Scheduler-driven CPU frequency selection hopes to exploit both
per-task and global information in the scheduler to improve frequency
selection policy and achieve lower power consumption, improved
responsiveness/performance, and less reliance on heuristics and
tunables. For further discussion of this integration see [0].

This patch series implements a cpufreq governor which collects CPU
capacity requests from the fair, realtime, and deadline scheduling
classes. The fair and realtime scheduling classes are modified to make
these requests.

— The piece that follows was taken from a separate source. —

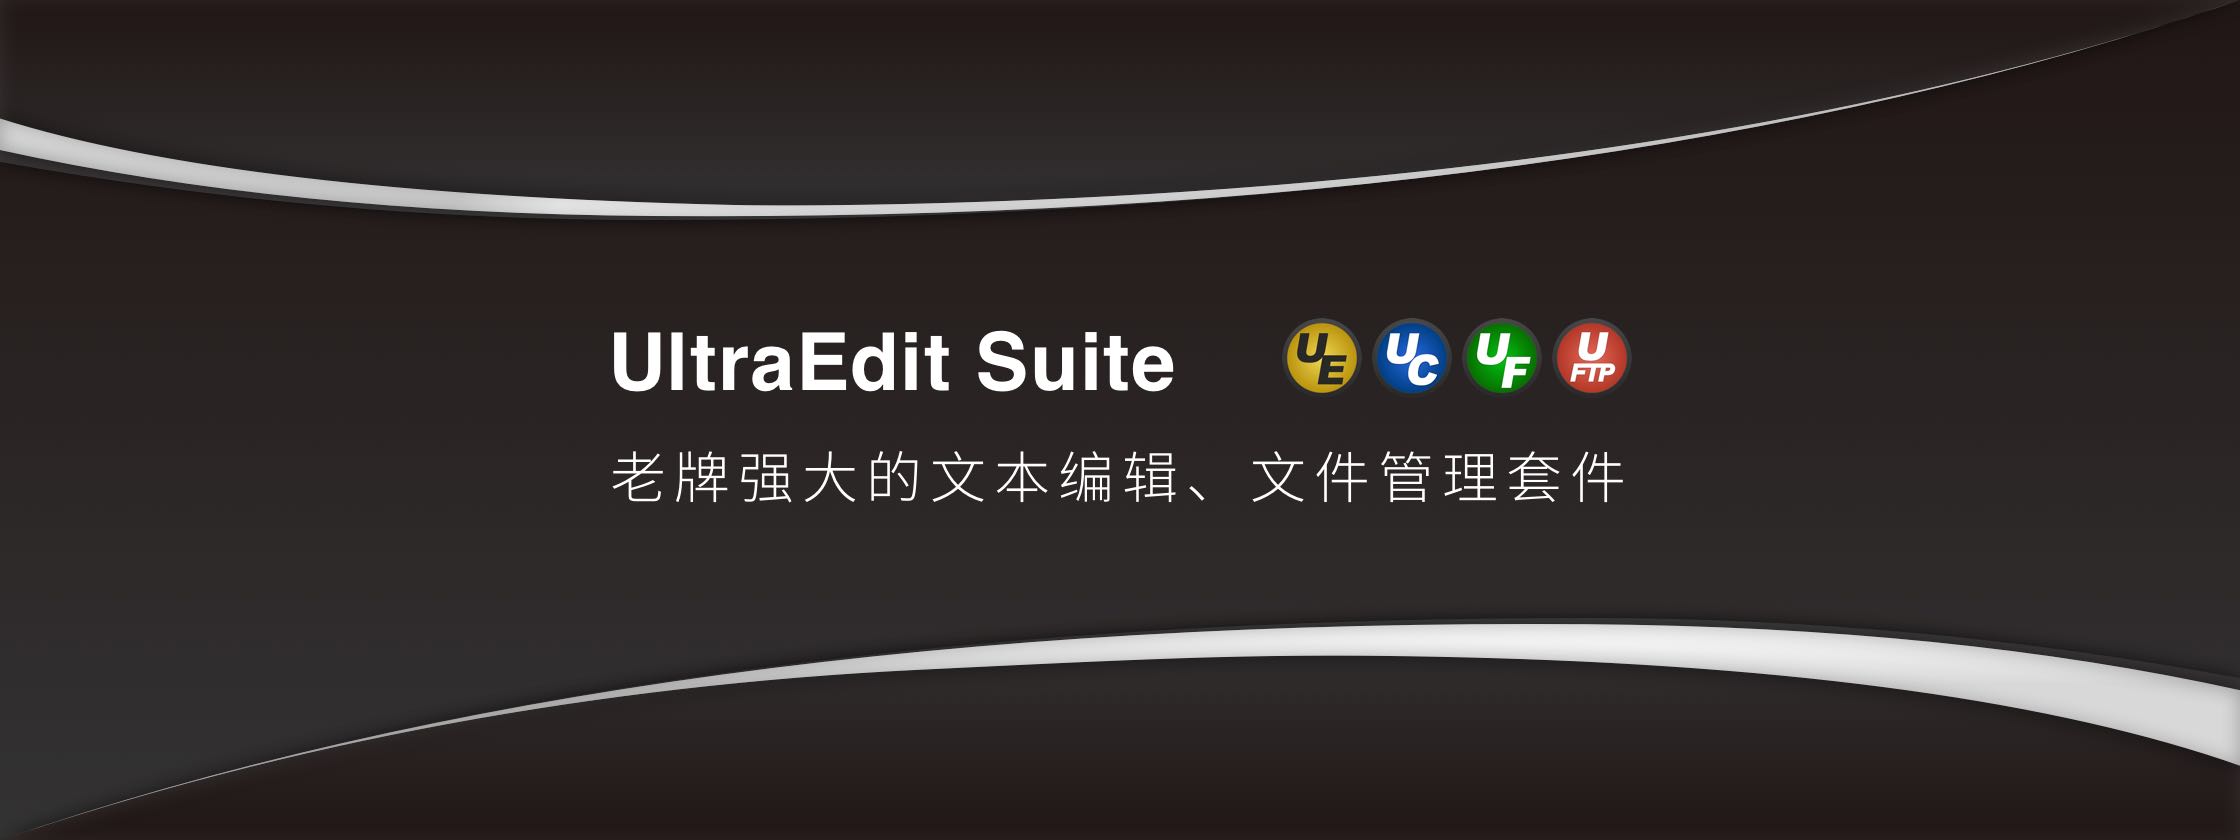 UltraEdit Suite，老牌强大的文本编辑、文件管理套件

The deadline class is not yet modified to make CPU
capacity requests.

Changes in this series since RFCv6 [1], posted December 9, 2015:
  Patch 3, sched: scheduler-driven cpu frequency selection
  - Added Kconfig dependency on IRQ_WORK.
  - Reworked locking.
  - Make throttling optional - it is not required in order to ensure that
    the previous frequency transition is complete.
  - Some fixes in cpufreq_sched_thread related to the task state.
  - Changes to support mixed fast and slow path operation.
  Patch 7: sched/fair: jump to max OPP when crossing UP threshold
  - move sched_freq_tick() call so rq lock is still held
  Patch 9: sched/deadline: split rt_avg in 2 distincts metrics
  - RFCv6 calculated DL capacity from DL task parameters, RFCv7 restores
    the original method of calculation but keeps DL capacity separate
  Patch 10: sched: rt scheduler sets capacity requirement
  - change #ifdef from CONFIG_SMP, trivial cleanup

Profiling results:
Performance profiling has been done by using rt-app [2] to generate
various periodic workloads with a particular duty cycle. The time to
complete the busy portion of the duty cycle is measured and overhead
is calculated as

overhead = (busy_duration_test_gov - busy_duration_perf_gov)/
         (busy_duration_pwrsave_gov - busy_duration_perf_gov)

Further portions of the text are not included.